Однако такие заботы в самом Вестгофене были у немногих. Жители этой деревни были не виноградарями, а огуречниками. В стороне от шоссе на Либахерау стоял уксусный завод Франка. За широкой канавой до самой заводской дороги тянулись огуречные поля. «Виноградный уксус и горчица, Маттиас Франк и сыновья». Валлау советовал Георгу запомнить эту вывеску. Когда он выберется из камыша, ему придется проползти десять метров без прикрытия, а затем по канаве, по ее левому рукаву, который тянется вдоль поля.

Раздвинув камыш, он высунул голову: туман уже поднялся так высоко, что открылась группа деревьев за уксусным заводом; солнце было у Георга за спиной, и эта группа деревьев запылала, словно вспыхнув собственным огнем. Сколько времени он уже ползет? Его одежда осклизла, как и земля вокруг. Останься он здесь лежать, никто его не найдет. Никакого шуму вокруг него не поднимется, только карканье да шелест крыльев. Потерпеть еще две-три недельки, и то, что от него останется, просто покроет кора мерзлого снега. Видишь, Валлау, до чего легко сорвать твой премудрый план! Ведь Валлау и не подозревал, каким свинцовым окажется это тело, которое приходится волочить по открытому месту, как будто волочишь за собой всю трясину. Со стороны Либахерау донесся свист. Ответный свист раздался так угрожающе близко, что Георг припал к земле. Ползи вперед, советовал ему Валлау, который пережил и войну, и рурские бои, и бои в Средней Германии, и вообще все, что только можно пережить на свете. Ползи вперед, Георг, и не вздумай вообразить, что тебя обнаружили. Многие только оттого и попадаются, что вдруг вообразят, будто их обнаружили, и тут же наделают каких-нибудь глупостей.

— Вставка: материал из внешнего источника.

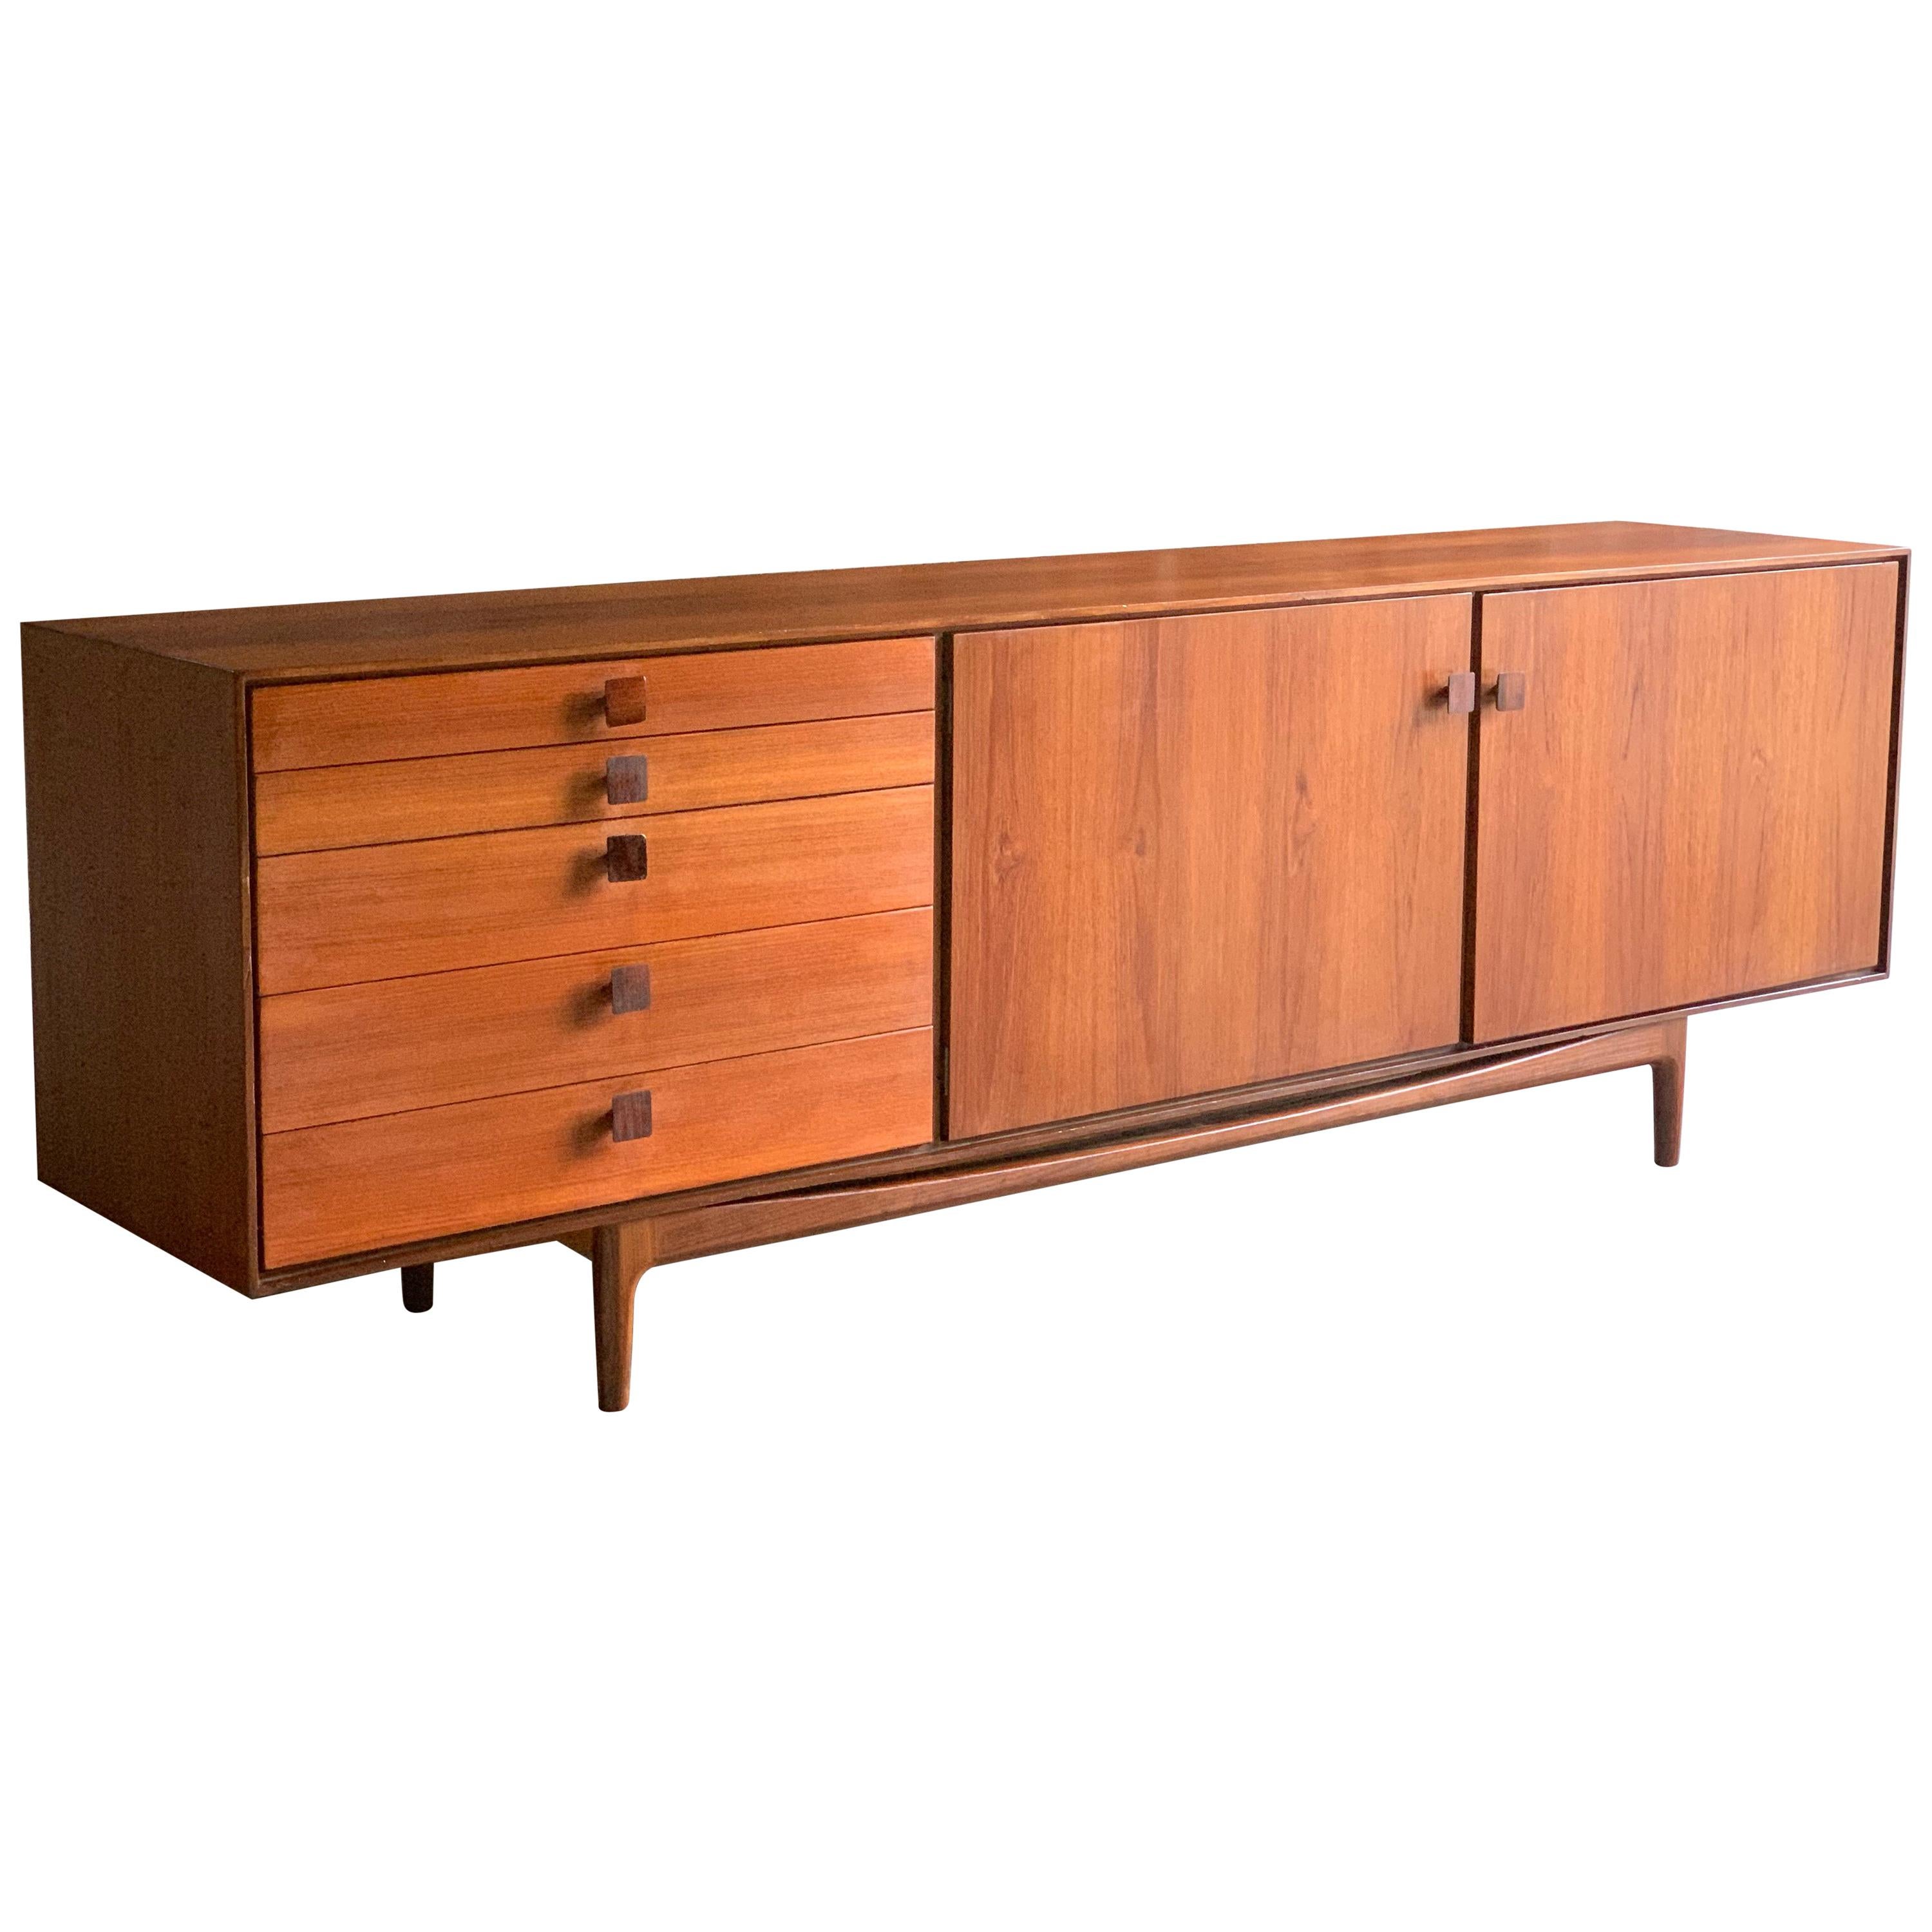 Ib Kofod-Larsen African teak sideboard manufactured in the UK for G-Plan in the 1960s

Magnificent midcentury Danish design sideboard credenza designed by Ib Kofod-Larsen, and manufactured by G-Plan circa 1960s, produced from African teak and

Из-за края канавы Георг выглянул между увядшими кустами на дорогу. Часовой стоял так близко, там, где дорога через огуречное поле выходила на шоссе, так ошеломляюще близко, что Георг даже не испугался, но почувствовал ярость. Так осязаемо близко стоял тот на фоне кирпичной стены, что не наброситься на него, а, наоборот, спрятаться — было мучительно. Часовой медленно зашагал по дороге, мимо завода, в сторону Либахерау, а сзади, из коричнево-серой дали, ему сверлили спину две пылающие точки чьих-то глаз. Часовой непременно должен обернуться, ведь сердце Георга стучит, точно мельничное колесо, — а на самом деле оно, в смертельном страхе, билось тише птичьего крыла. Георг пополз дальше по канаве, почти до того места дороги, где только что стоял часовой. Валлау еще говорил, что канава здесь уходит под дорогу, но тянется ли она дальше и куда, этого и Валлау не знал. На этом кончилось и его предвидение. Только сейчас Георг почувствовал себя совершенно покинутым. Спокойствие! Одно это слово еще оставалось в нем; одно это звучание, этот голос друга, как амулет. Канава, решил он, наверно, проходит под заводом и служит стоком. Надо дождаться, пока часовой повернет. Часовой остановился на краю канавы, засвистал. С Либахерау донесся ответный свисток. Теперь Георг мог высчитать расстояние между свистками, и вообще он теперь только и делал, что высчитывал. Каждая точка его сознания была мобилизована, каждый мускул напряжен, каждая секунда заполнена, вся его жизнь была необычайно уплотнена, он задыхался в ней, ему было тесно. Но когда он затем втиснулся в зловонный липкий сток, он вдруг почувствовал дурноту. Разве можно ползти по такой канаве? В ней можно только задохнуться; и его охватило бешенство, ведь он все-таки не крыса, и это не место для кончины. Но непроглядная тьма поредела, он увидел смутный трепет водной ряби. К счастью, территория завода была невелика, метров сорок. Когда он вылез по ту сторону стены, оказалось, что поле слегка поднимается в гору, к шоссе, и его пересекает ведущая вверх тропинка. В углу, между стеной и тропинкой, была куча отбросов. Георг не мог идти дальше. Он присел, и его стошнило.